Dredging Corporation of India (DCI) Ltd. has signed a Memorandum of Understanding for the financial year 2016-17. The MoU was signed by Shri Rajive Kumar, Secretary, Shipping and Shri Rajesh Tripathi, Chairman & Managing Director, Dredging Corporation of India Ltd, in New Delhi. 

•    The MoU broadly consists of the performance evaluation parameters and targets for Dredging Corporation of India Ltd. for the ensuing year. The MoU will be reviewed by the Ministry on a regular basis and the performance of the PSU would be evaluated and ratings awarded at the end of the financial year. The targets agreed in the MoU are in line with the aggressive growth plans of DCI for making foray’s internationally in line with the Ministry of Shipping’s ambitious plans. 
•    DCI has posted “Very Good” performance during the last financial year (2015-16) as against “Good” for the year \2014-15, despite very difficult market conditions. In the year ended 31st March 2016, DCI posted a turnover of Rs.676 crores. The Profit Before Tax (PBT) and Profit After Tax (PAT) figures are Rs.83 crores. and Rs.80 crores respectively, representing an increase of 28% and 29 % respectively over the previous year. 

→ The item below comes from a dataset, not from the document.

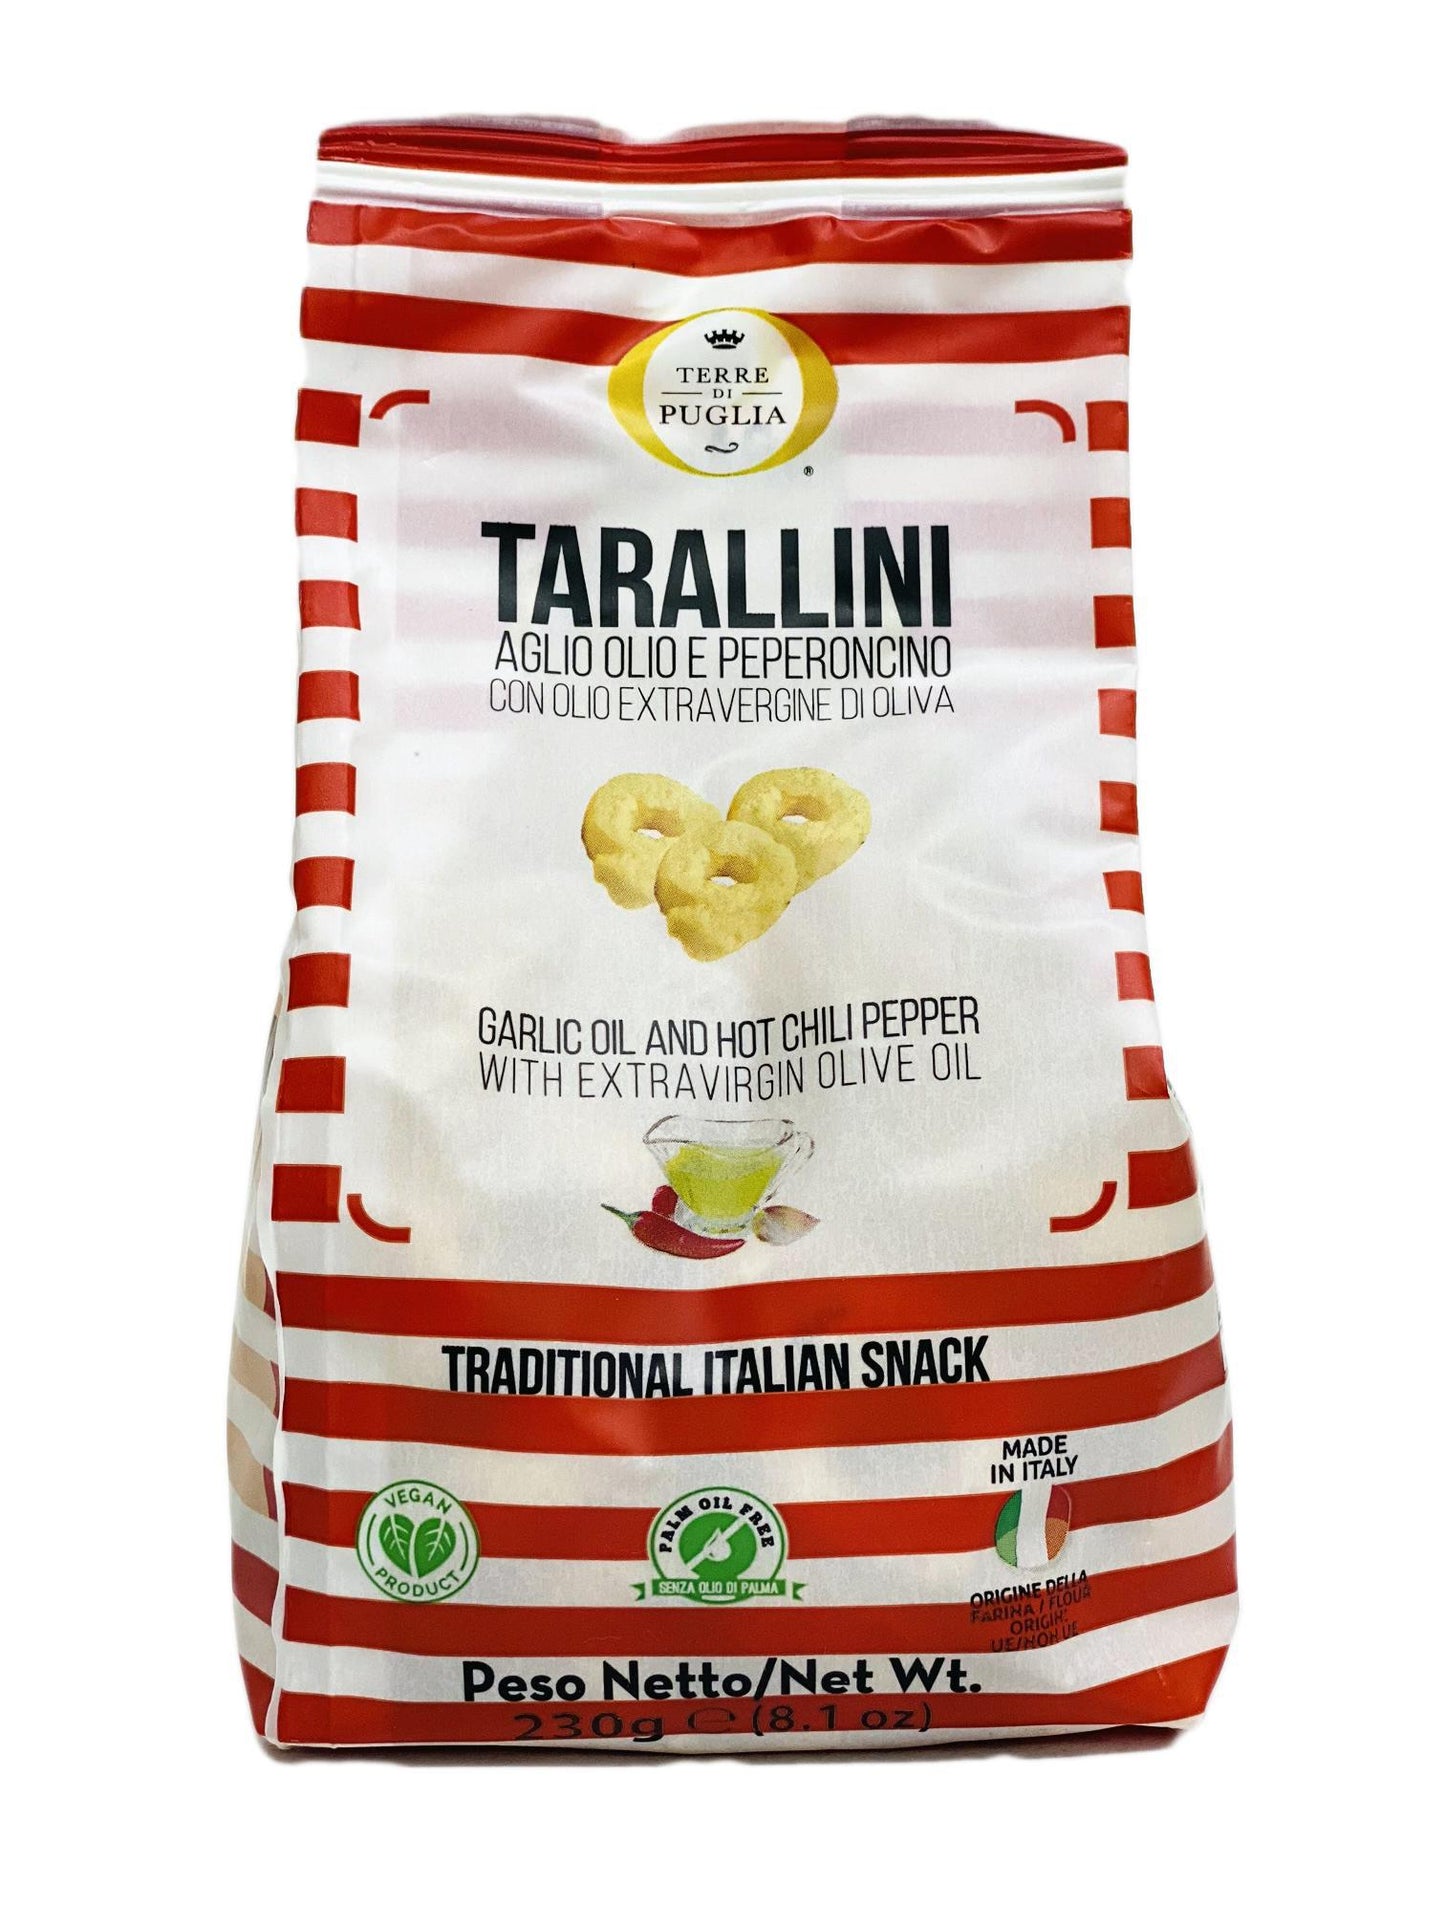 Terre Di Puglia Tarallini Garlic Oil and Hot Chili Pepper, 8.1 oz

•    As per the targets set in the MoU for 2016-17 that was signed today, DCI is to achieve a turnover of Rs.770 crores. The target for operating profit is Rs.65 crores for 2016-17 as against the actual of Rs.45 crores for 2015-16. Further in the current year 2016-17, finalization of a contract is in the final stages for deployment of a dredger outside India and this will enable the company to earn income in foreign exchange for the first time in many years.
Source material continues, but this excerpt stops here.